As for Las Vegas, "I don't think she has had the time to dig into the city budget," Gray said.
Bring it on
There's not much she would hide from, said fellow County Commissioner Tom Collins, who said he was initially behind both Brown and Giunchigliani now but is leaning toward her.
"She's a pothole guy like me," he said of her approach to her elected duties. "She tackles something, she gets it done.
"There's a lot that can happen between now and early voting. She will out-campaign all of them. She'll put more miles in in a couple of days than they will in a week."
Collins and Leslie, the state senator, both said Giunchigliani is known for using intelligence and research to delve into difficult issues. In the Legislature, complicated bills were often assumed to be sponsored by her, Leslie said.
She was one of the most liberal members of the Legislature while there, voting for an $830 million tax increase in 2003 and authoring the legislation leading to the state's medical marijuana law.
Even direct opponents will say nice things about her.
Bob Beers, a former Republican state senator who served with Giunchigliani in the Legislature, is on the mayoral campaign of restaurateur George Harris.

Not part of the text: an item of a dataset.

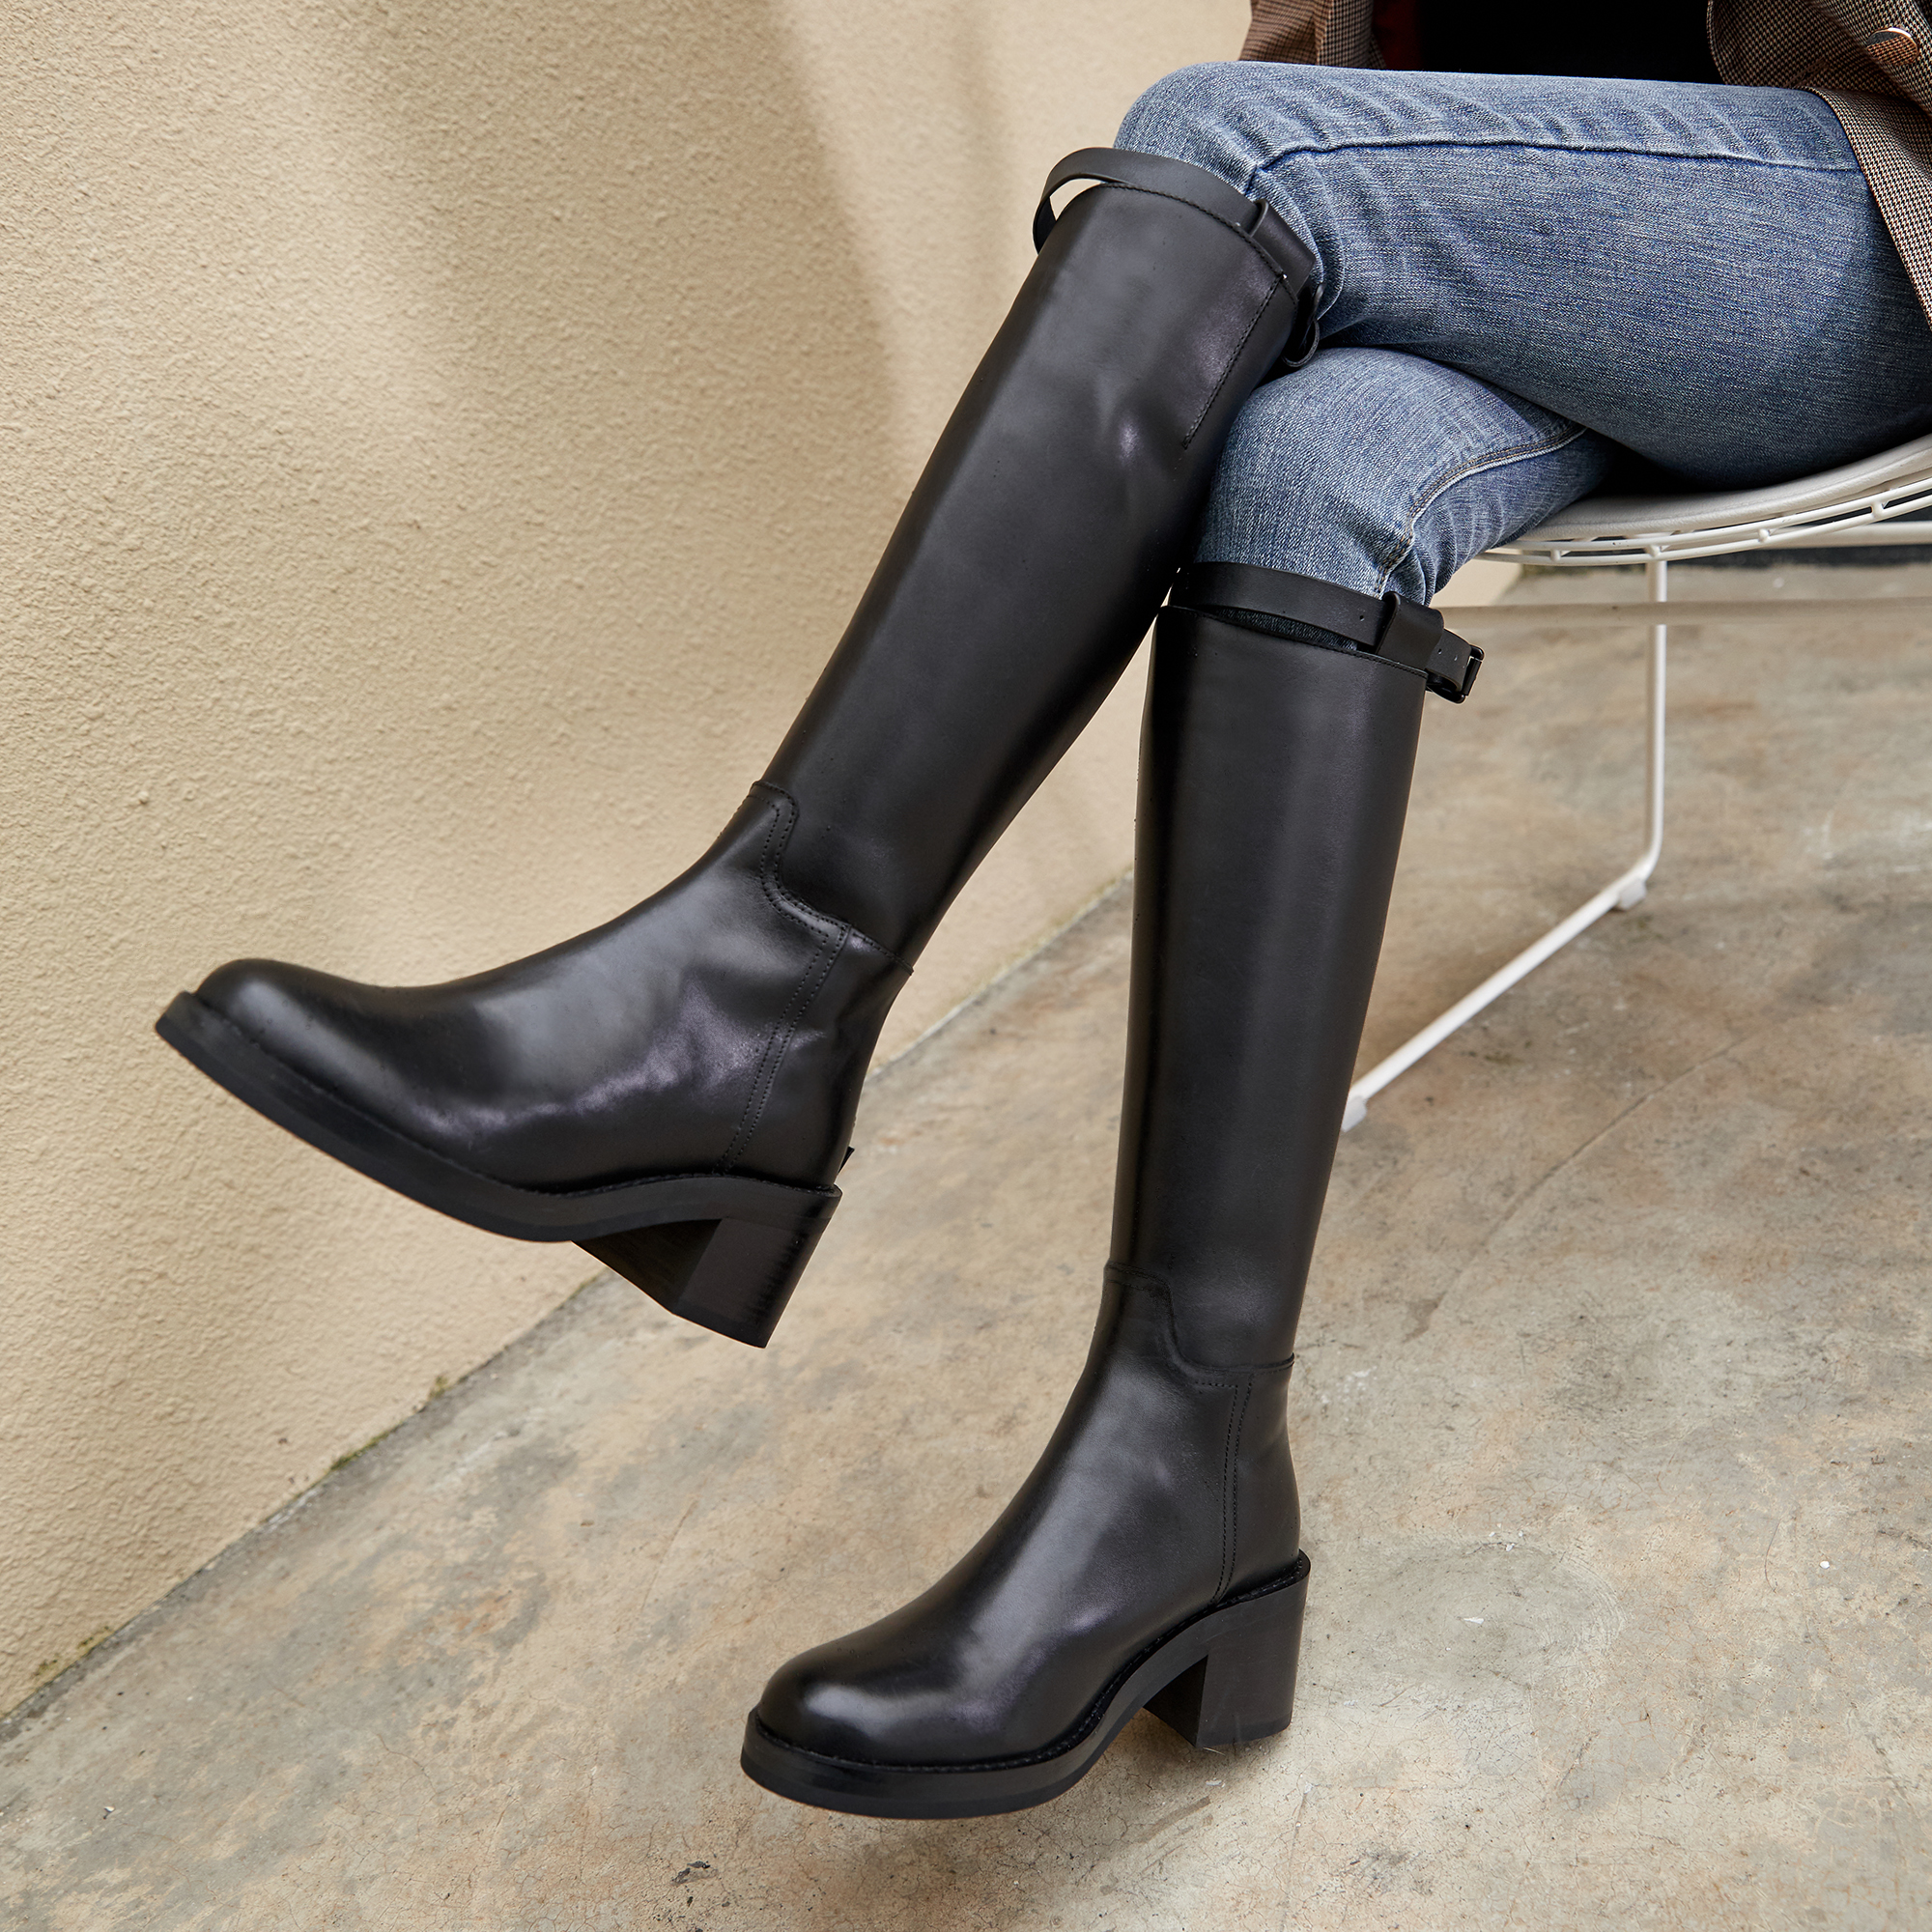 Fashion women's shoes winter 2019 round

"I have always appreciated that while Chris and I have differing world views, we are always able to discuss those differences in a respectful and intelligent manner," he said.
He also said that with several strong candidates in the race, the voting public is going to be conflicted: "It's a tough one, which is why the front-runner only has one-third (support)."
With the job and redevelopment talk that has dominated forums, Giunchigliani talks about neighborhood cohesion and a sense of community, something that Las Vegas is often said to lack.
"What I'm hearing -- but it's mostly elderly -- is, 'We don't know our neighbors anymore,' " she said. "Part of my message is we have to build the community a neighborhood at a time. That's not really coming up as much in the general debate ... but I think there's that underlying sense.
"Where do we go next? We're struggling, we've been hit so hard with everything. But I view this as an opportunity."